После сессии Студента еще больше стало терзать любопытство. Откуда такая сила у Графа? Да и сам-то он, похоже, стал какой-то важной персоной, понять не мог, какой, но важной…
Таинственная жизнь графства была так тщательно замаскирована, что даже Студент, теперь уже вроде бы свой человек, ничего про нее не знал.
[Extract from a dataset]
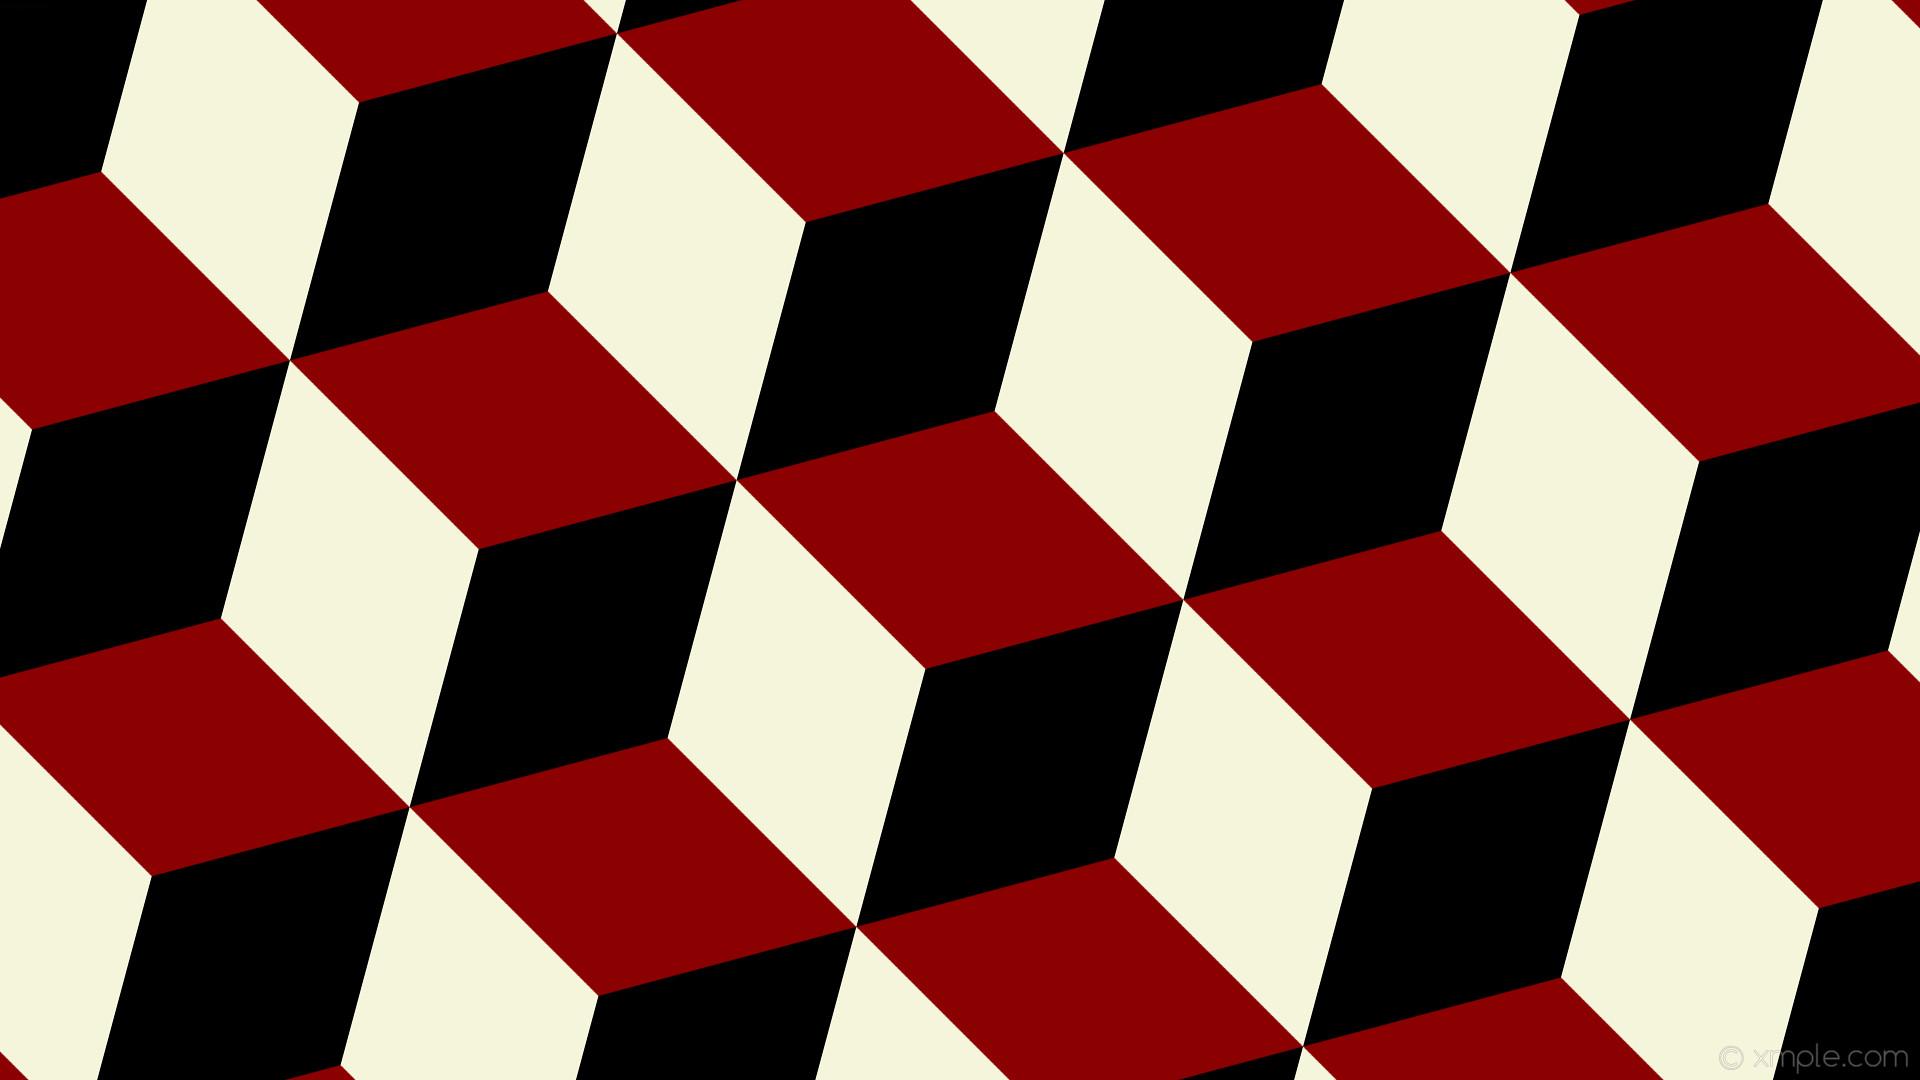 wallpaper red white 3d cubes black dark red beige #8b0000 #f5f5dc #000000  345

Граф, Олег, дядюшка Цан и все… А что творилось внизу, под ними, откуда плыли большие деньги, скрывалось от глаз, как подводная часть айсберга.
По воскресеньям, а последний месяц часто и по вечерам в будничные дни Студент сидел за зеркальной дверью, ездил с Графом на дачи, в рестораны, где проходили неспешные беседы с разными солидными людьми. Он не прислушивался к разговорам, а все ждал того момента, когда сможет доказать Графу свою преданность. Но пистолет, как кусок ненужного кирпича, весомо оттягивал карман, и все разыгранные воображением яркие эпизоды быстрой расправы с каждым, кто посмеет обидеть Графа, в конце концов обесцвечивались, угасали, вызывали обиду и раздражение от неутоленного желания хоть чем-то искупить свое бездействие.
Неприметный паренек отыскивал его везде, где бы он ни находился — в спортзале, в бассейне, в парке. Показывался и растворялся бесследно, но Студент уже знал, что его ждет машина, и спешил, боясь опоздать.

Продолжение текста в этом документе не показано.